RNA enlisted the expertise of their machine vision partner Fisher Smith, who are leading experts in the field of machine vision and industrial control systems. The vision system incorporates 3 camera stations, with the ability to inspect each component for position of the hole, entry hole size and exit hole size. Components that fail the vision inspection are rejected into a reject bin. ‘Good’ components are fed into a collection bin for bagging system and a separate bin for random sampling (1/1000 of ‘good’ components for further off-line checking).

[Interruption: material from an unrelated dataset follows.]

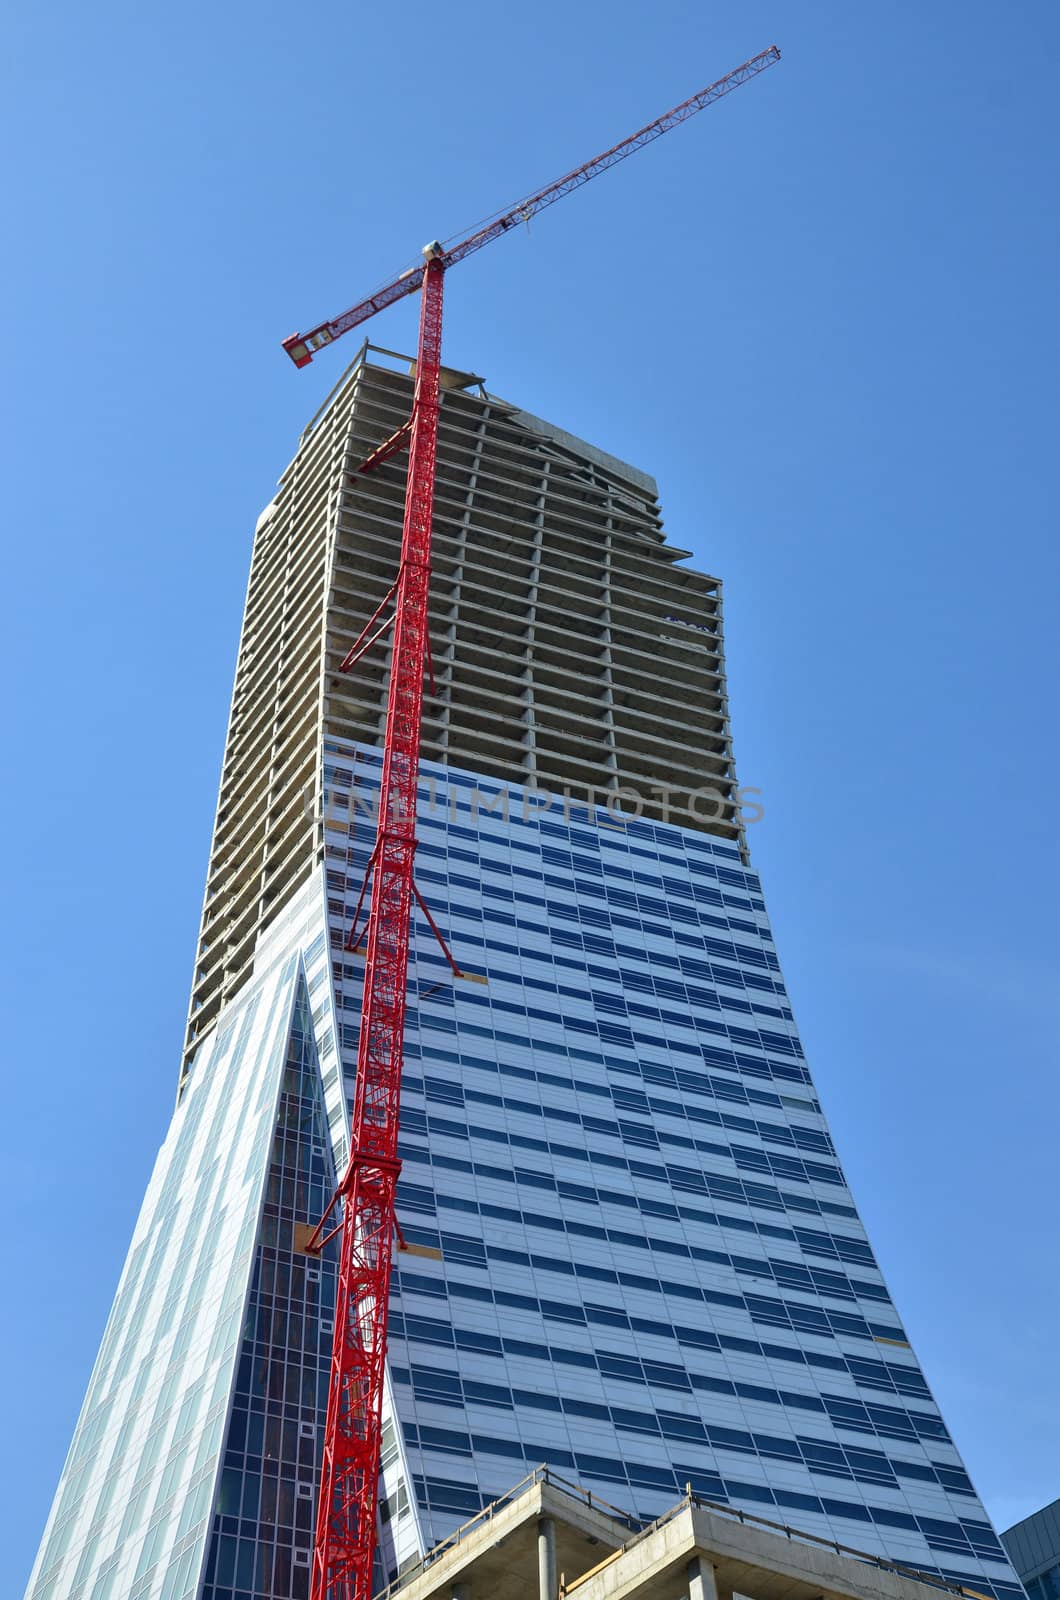 Skyscraper project by Vectorex

The application presented Fisher Smith with numerous technical challenges particularly in relation to the measurement of the drilled hole size. Due to the functionality of the device both the size of hole at entry and exit are measured. Two four megapixel cameras using Vision & Control magnifying telecentric lenses are utilised, however the depth of field of the lens (0.005mm) for such a small field of view (1.2mm) is far less than the variation in material thickness. To overcome this Fisher Smith specified precision servo stages to move the camera/optics and illumination vertically whilst continually acquiring images and then employed a custom algorithm to identfy the image where the hole edge is in focus. Further algorithms were developed by Fisher Smith to measure the hole size.

This system has the flexibility to handle various components (11 variants). The bowl feed system utilises an innovative quick-change tooling system that speeds up tooling changes. First, each component variant is provided a unique barcode which contains all the parameter set up for that particular component. When the barcode is scanned, the data is retrieved by the control PLC/HMI and then the operator should change the tooling models to meet all those parameters. The PLC automatically recognizes if incorrect sets of tooling are fitted. This validation process takes just seconds, and eliminates the risk of inadvertent human errors. A fully validated changeover to switch from one component to another can be accomplished in less than 5 minutes, resulting in improved uptime and productivity.

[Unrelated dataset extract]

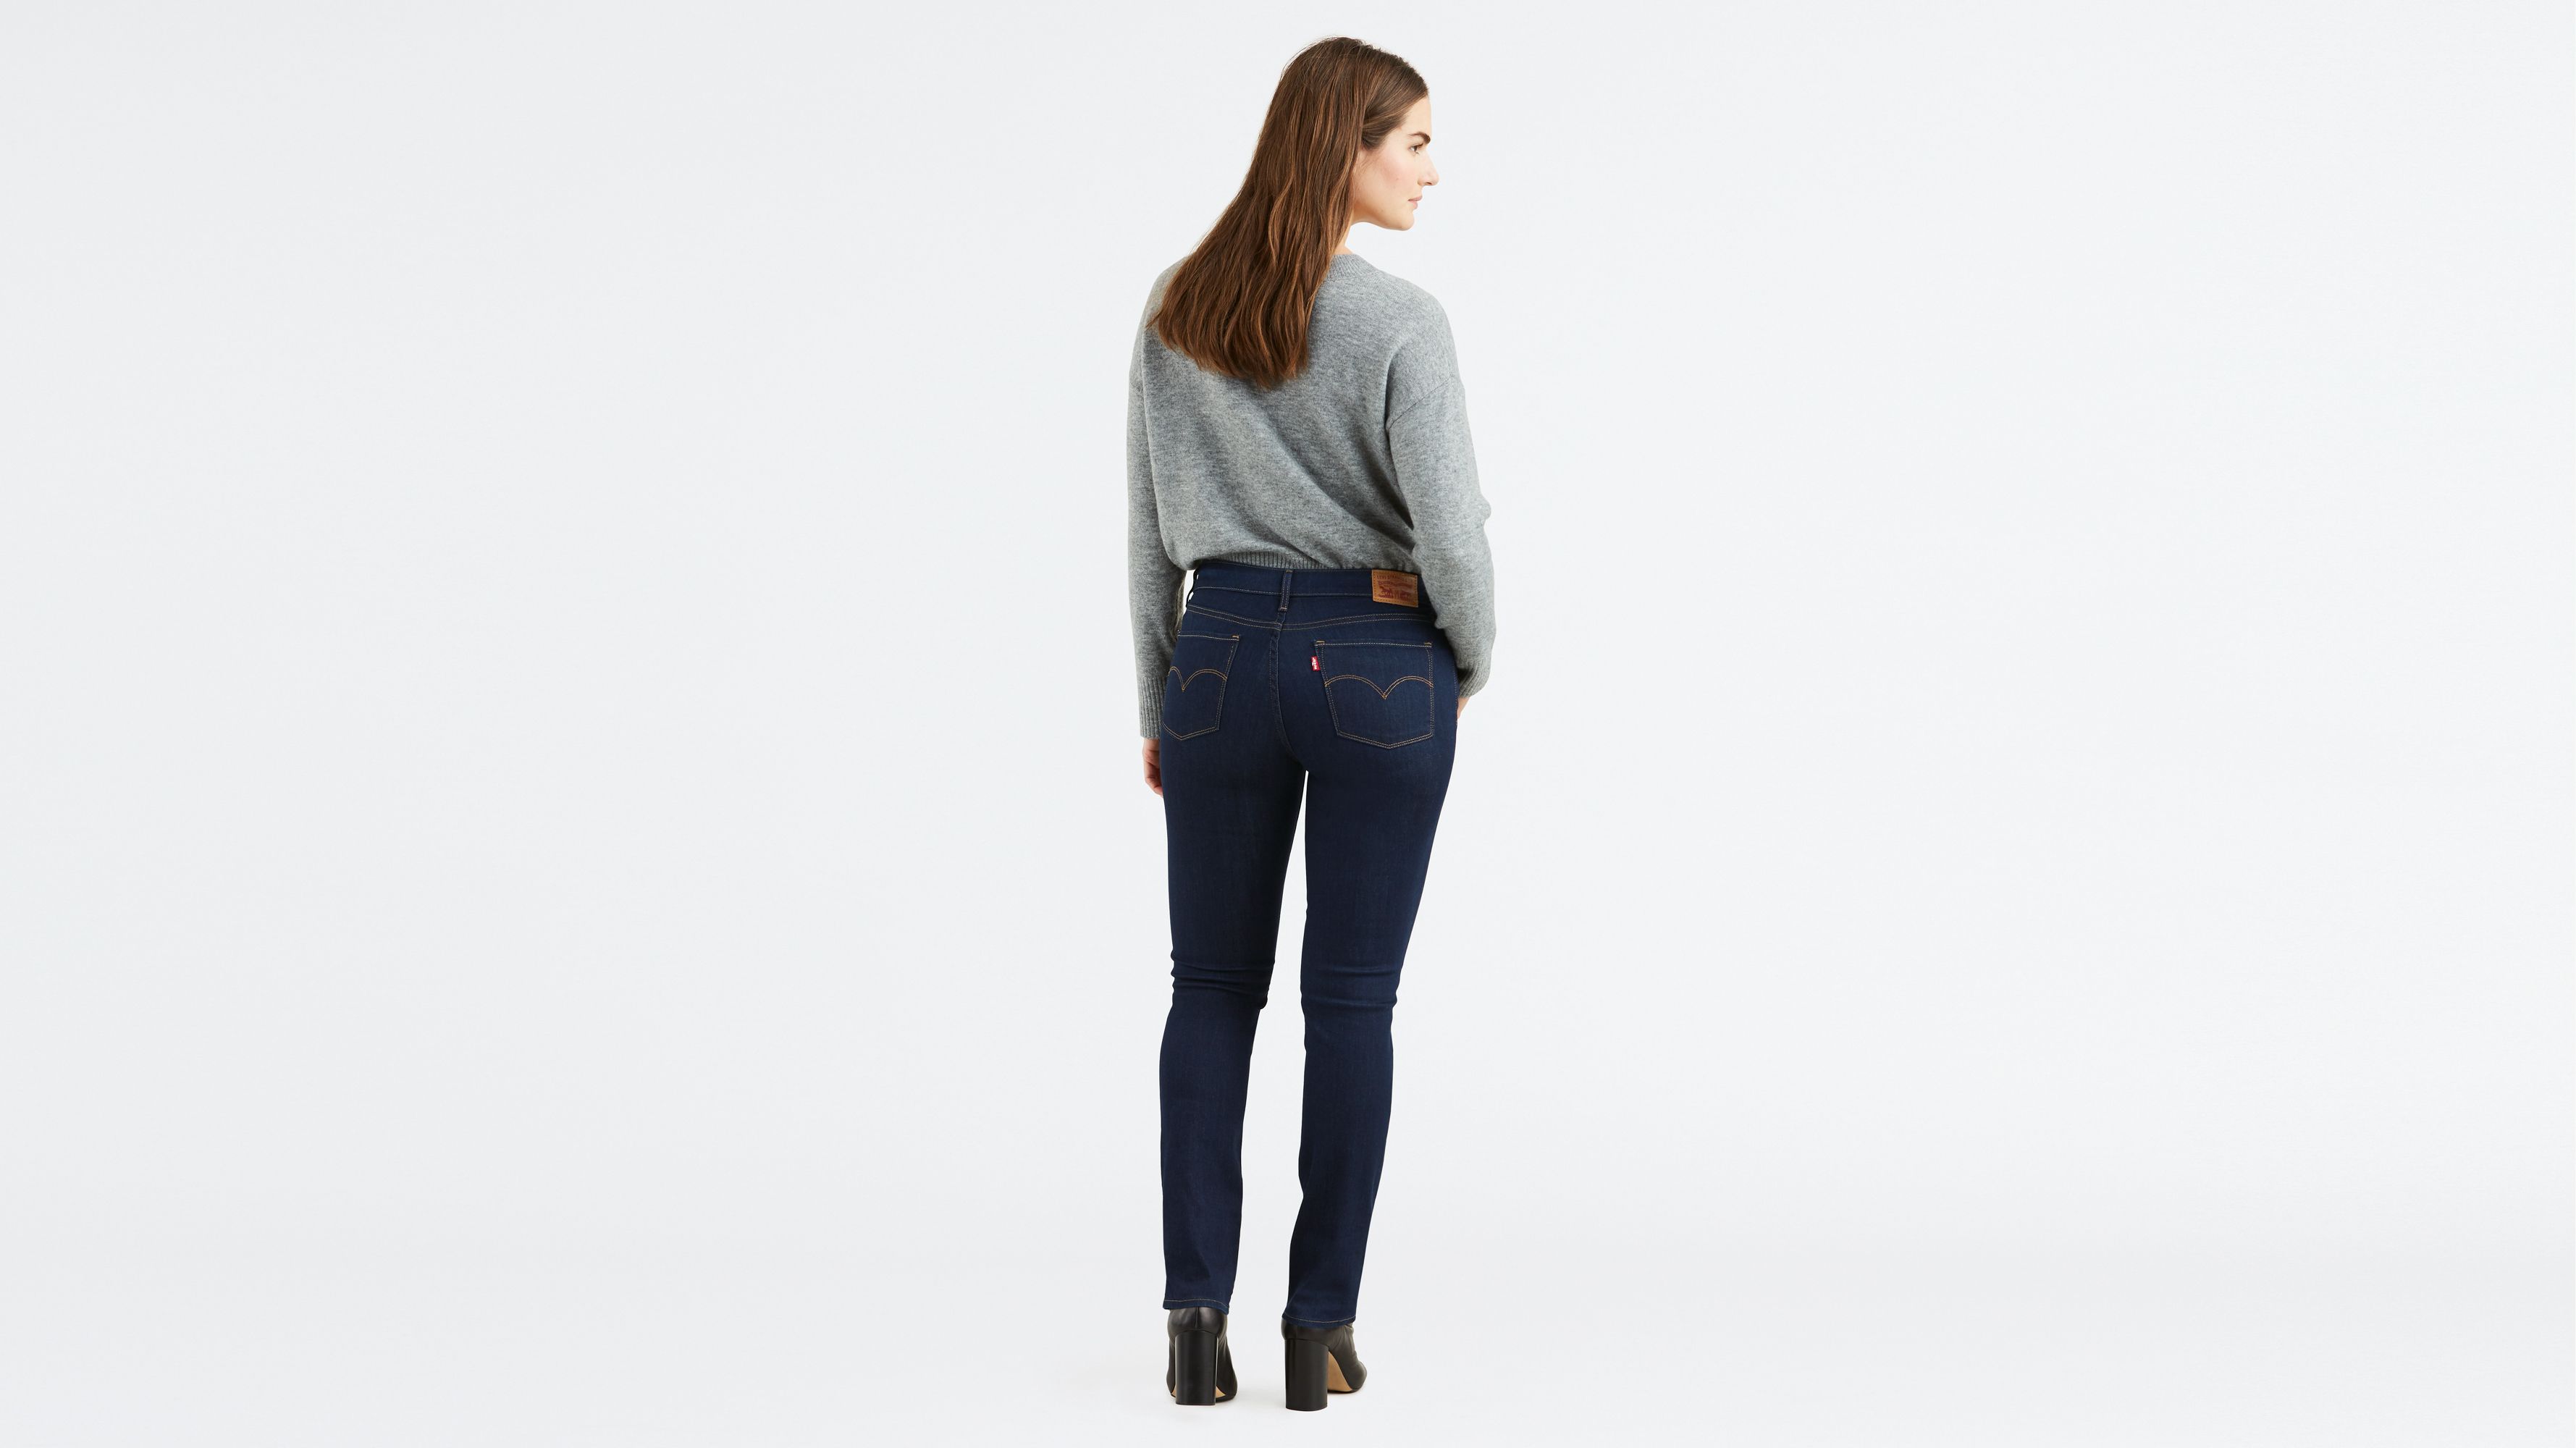 levi's 712 slim jeans

laser drilling vision inspection

Key features & benefits

Provides a complete solution simple, quick changeover between components of different sizes

Handling system and laser driller fully automated

Precision measurement +/-1 micron Vision inspection system

Minimal changeover for various components; tooling changeover time less than 5 minutes

Barcode identification to verify the changeover process

All safety interlocks supplied and fitted Poka-Yoke design

SPC (statistical process control) – The vision system monitors and records key processing data to help ensure that the laser process is stable and produces constant output. It also generates pass/fail information for the PLC such that rejects are ejected from the system prior to bagging

Future proof – the control system can be programmed to suit new or additional components.